To explore the primary drivers of root-trait variation, a standardized difference index (diff) was calculated for each trait as according to Equation 3:

$\begin{array}{ll}\begin{array}{c}\text{diff} = ({\text{X}}_{\text{TRR}}-{\text{X}}_{\text{ARR}})/({\text{X}}_{\text{ARR}}+{\text{X}}_{\text{TRR}})\end{array}& (3)\end{array}$

A linear mixed-effects model was then constructed with diff as the response variable according to Equation 4:

$\begin{array}{ll}\begin{array}{c}\text{diff}\sim \text{Type}\times \text{Treatment}\times \text{Family}+(1|\text{Specie} 1)\end{array}& (4)\end{array}$

Where Specie 1 was included as a random intercept to account for intraspecific variation, Type-III analysis of variance was used to assess the significance of fixed effects. Principal component analysis (PCA) was performed using the FactoMineR package in R to reveal multivariate relationships among root functional traits, including RD, SRL, RTD, and RN. Trait values were analyzed at the species × treatment × grassland-type level. Each treatment within a grassland type included three replicated plots (n = 3), covering 6 dominant species across both alpine meadow and alpine steppe, for a total of 216 species–trait observations. The corresponding sample sizes for each treatment and trait are summarized in Supplementary Table S1. To compare local trait patterns with the global root economics spectrum, global fine-root trait data were obtained from the GRooT database (Guerrero-Ramírez et al., 2021). Only herbaceous species with available data for RD, SRL, RTD, and RN were included. All trait variables were centered and scaled to unit variance (z-standardized) prior to analysis to ensure comparability across traits of different units. The global PCA was constructed using only the GRooT dataset, and the Qinghai–Tibet Plateau samples from this study were subsequently projected as supplementary scores to visualize their positions relative to the global root economic space.

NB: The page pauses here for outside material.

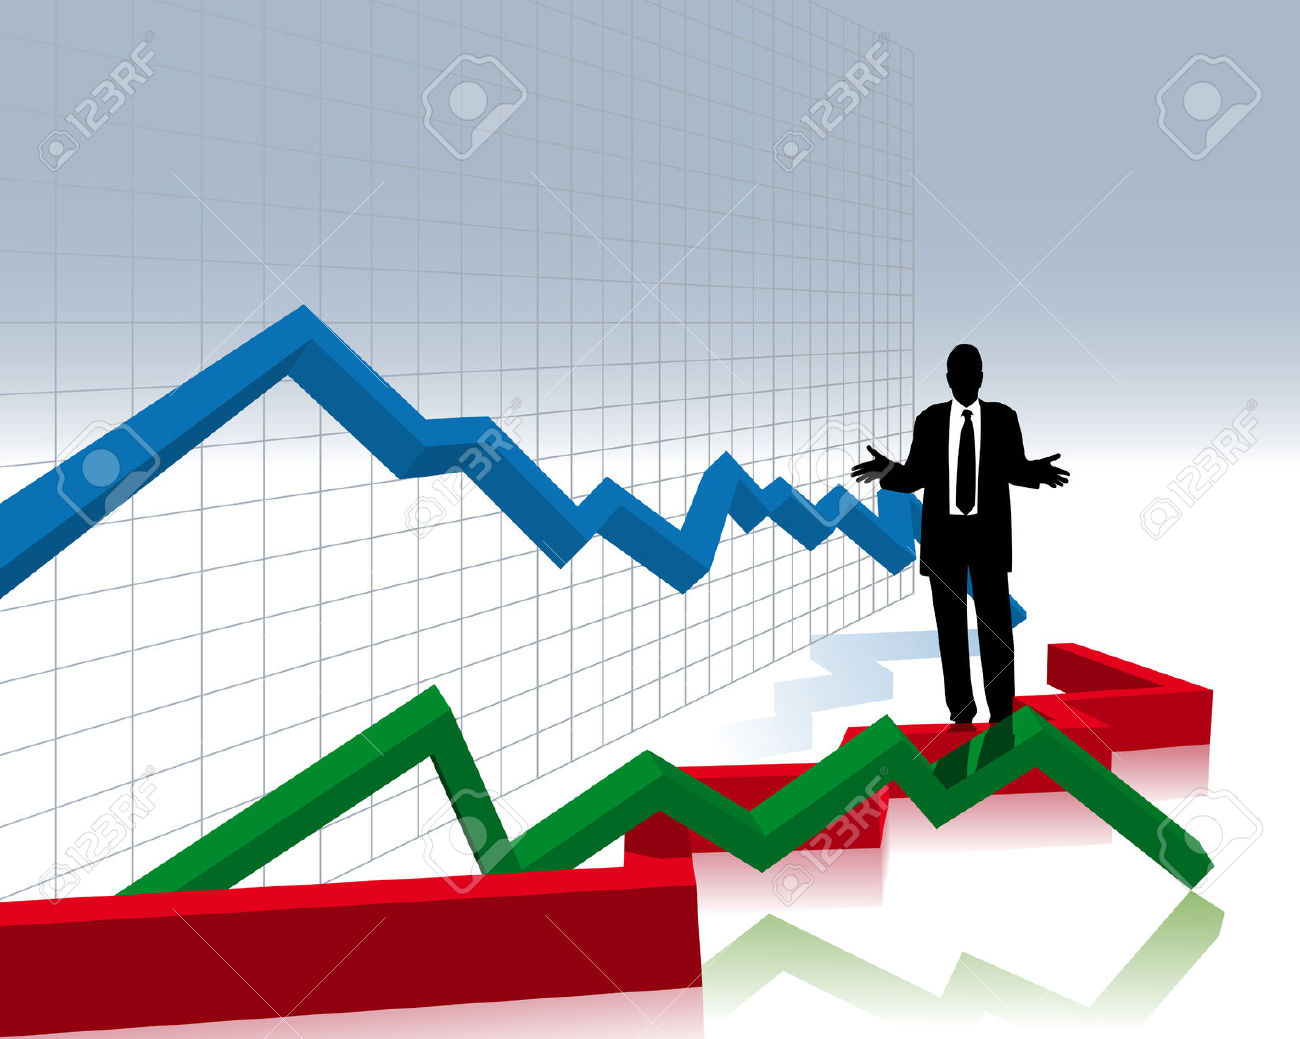 Financial Crash Royalty Free Cliparts, Vectors, And Stock.

All statistical analyses and visualizations were conducted in R version 4.5.1.

3 Results

3.1 Differences in root functional traits between absorptive roots and transport roots

Our results showed significant differences between absorptive roots (AR) and transport roots (TR) for all measured root functional traits including root diameter (RD), specific root length (SRL), root tissue density (RTD), and root nitrogen concentration (RN) (Supplementary Table S1). Specifically, the RD of AR was 0.236 ± 0.080 mm, significantly smaller than that of TR (0.539 ± 0.391 mm; P< 0.001), indicating that AR was thinner and more favourable for rapid soil exploration and resource acquisition (Figure 2a). The RTD of AR was 0.259 ± 0.089 g·cm⁻³, significantly lower than that of TR (0.332 ± 0.107 g·cm⁻³; P< 0.001), suggesting that TR possessed stronger tissue structures supporting mechanical stability and resource transport (Figure 2b).

Figure 2

Figure 2. Comparison of functional traits between absorptive roots (AR) and transport roots (TR). (a) Root diameter (RD), (b) specific root length (SRL), (c) root tissue density (RTD), and (d) root nitrogen concentration (RN). * denotes significant differences between absorptive roots and transport roots (*P ≤ 0.05; ***P ≤ 0.001).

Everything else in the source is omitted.